● SUPPLIED DATA:
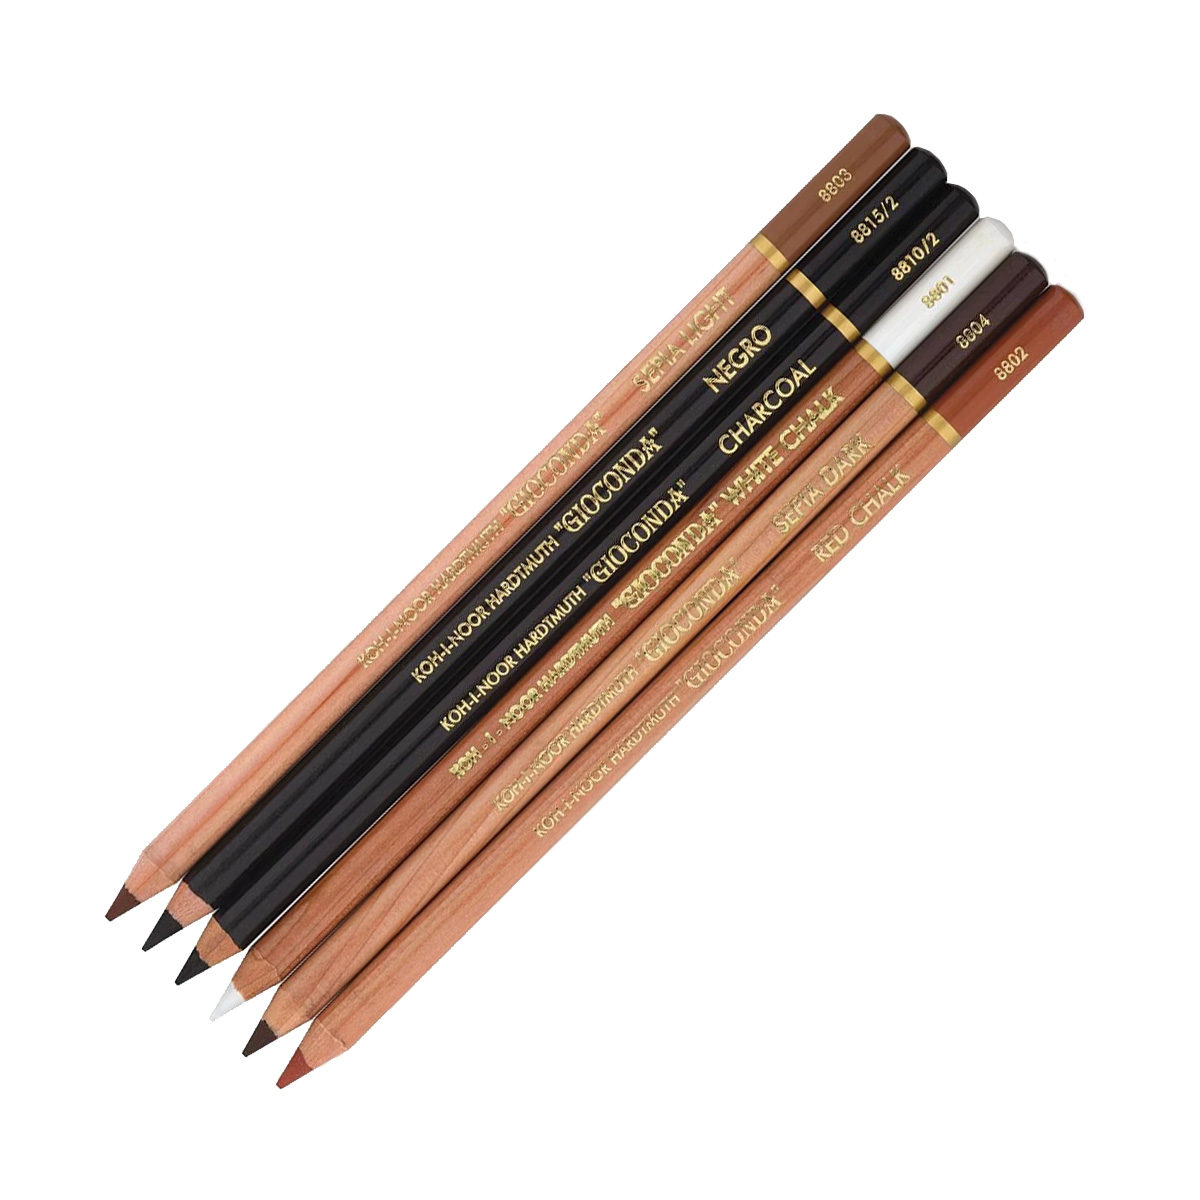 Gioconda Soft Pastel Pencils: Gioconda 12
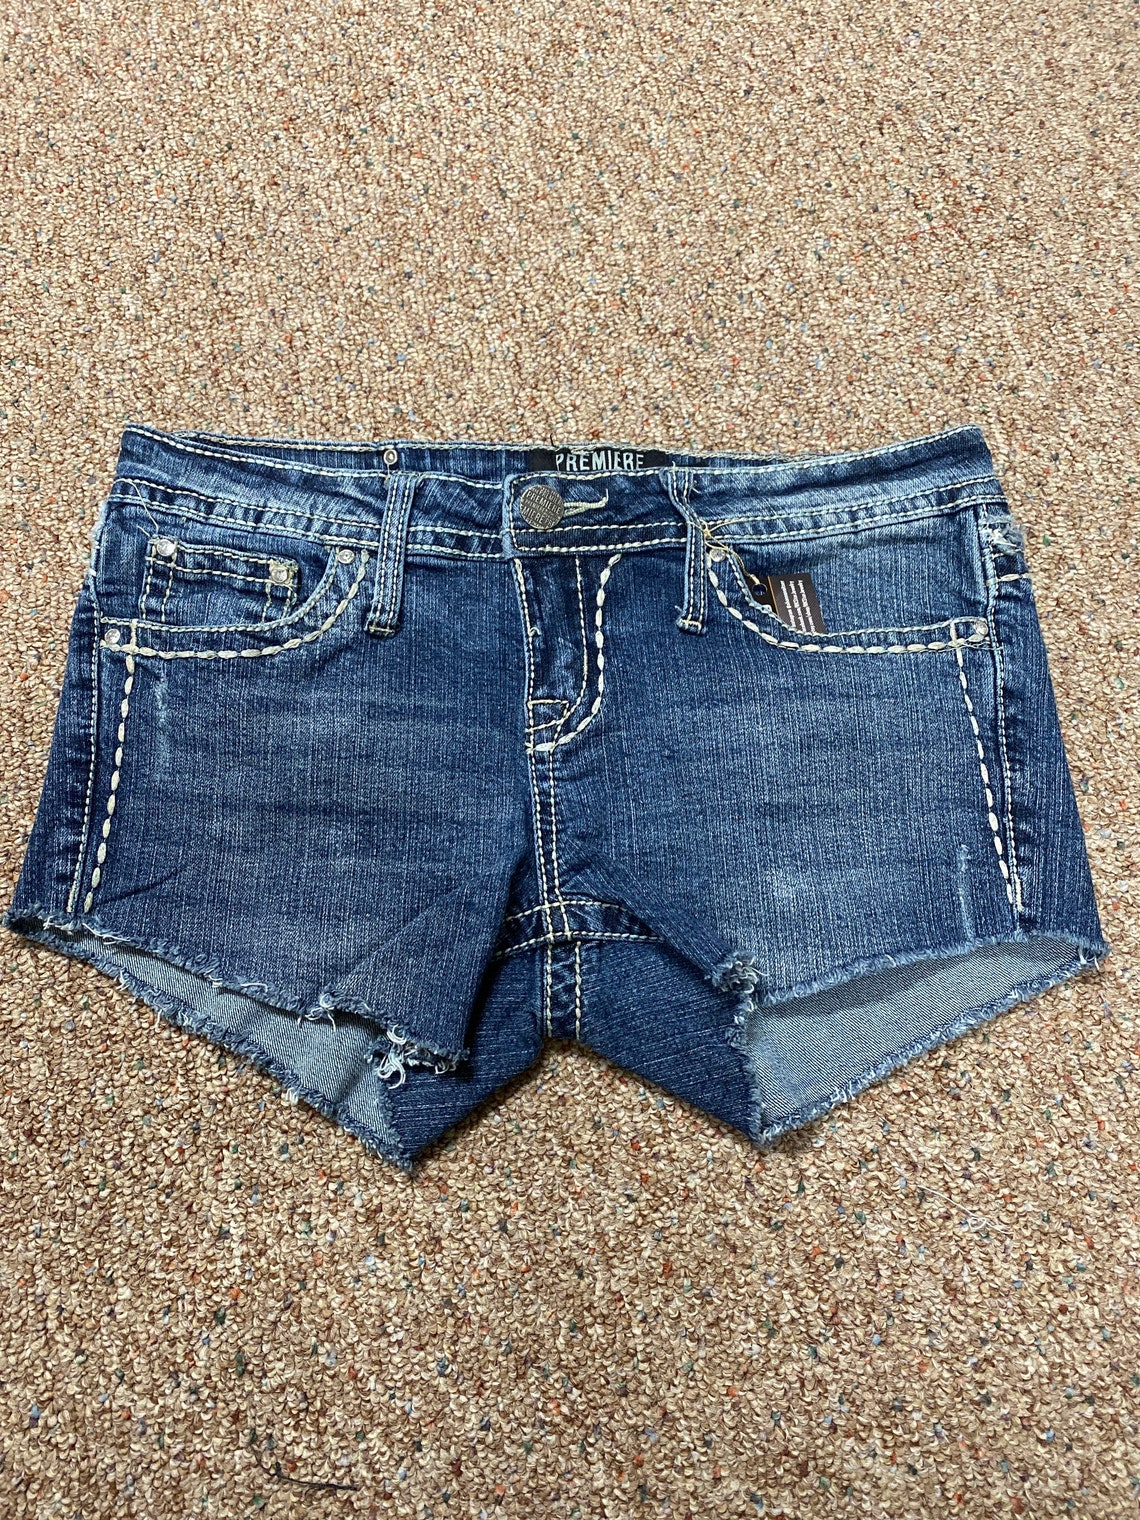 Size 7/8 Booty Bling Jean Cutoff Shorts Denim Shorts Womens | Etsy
---
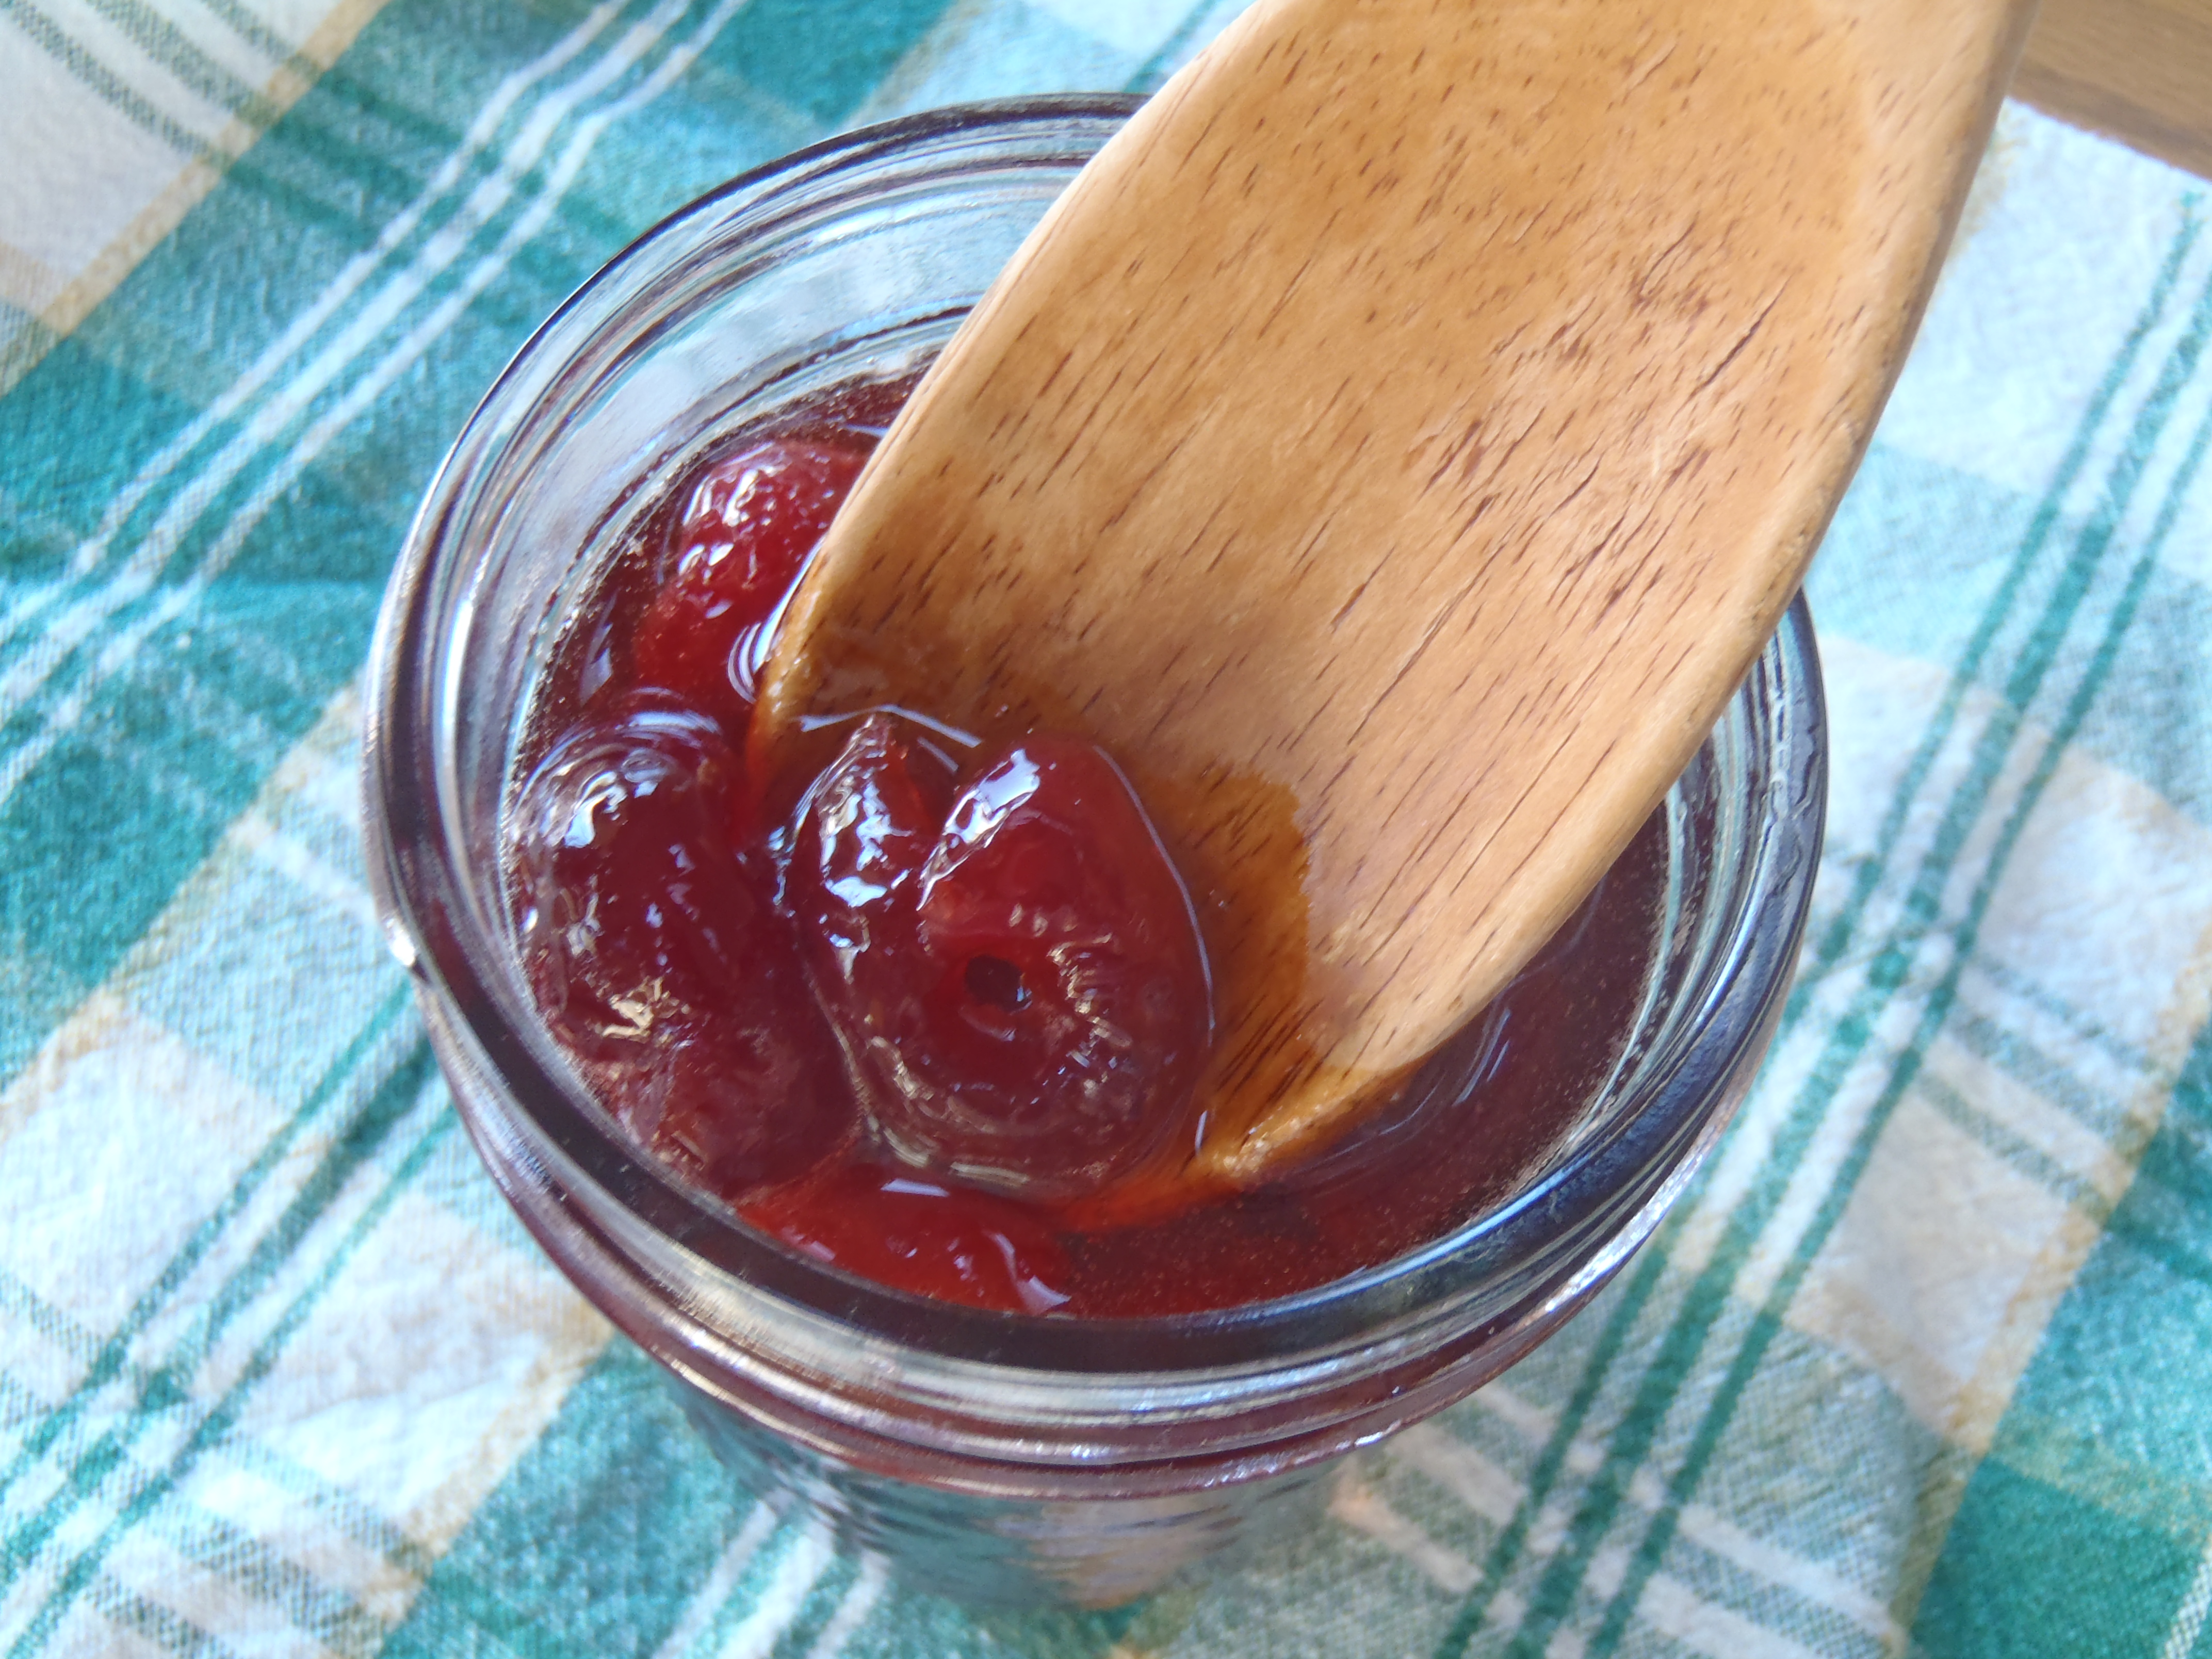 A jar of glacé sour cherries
--
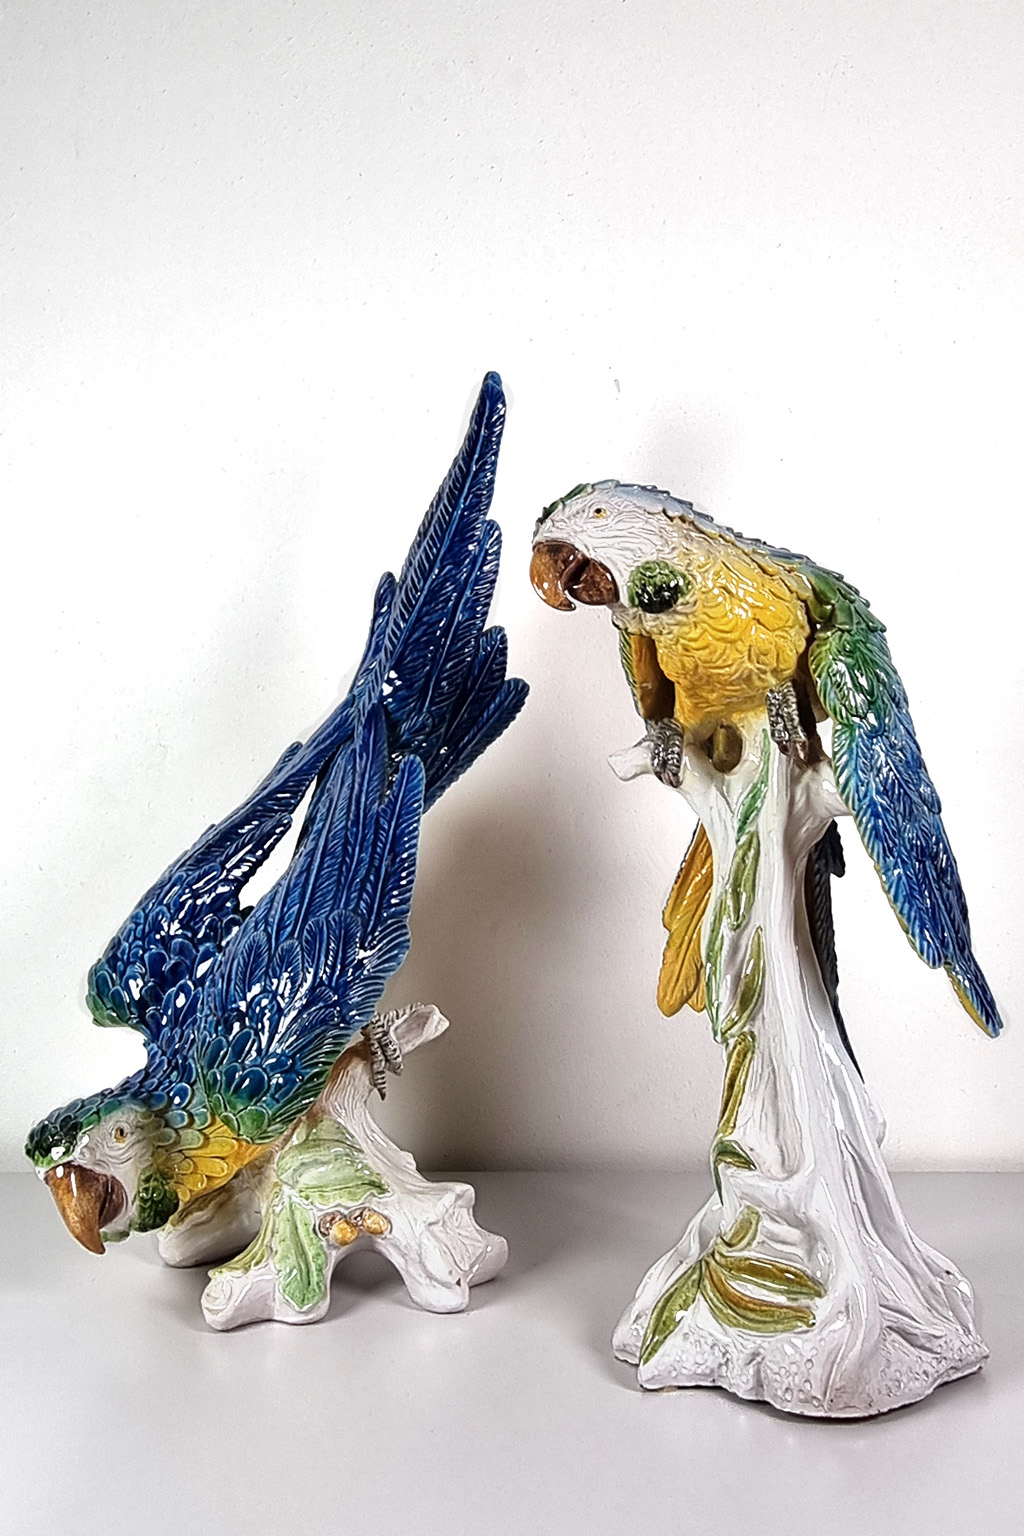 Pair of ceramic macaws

● PROMPT: Starting at the line above that has "Gioconda Soft Pastel Pencils: Gioconda 12" and ending at the line that has "Size 7/8 Booty", copy each line exactly, leaving the pictures out and adding nothing.

● SOLUTION TO THE PROBLEM:
 Gioconda Soft Pastel Pencils: Gioconda 12
 Size 7/8 Booty Bling Jean Cutoff Shorts Denim Shorts Womens | Etsy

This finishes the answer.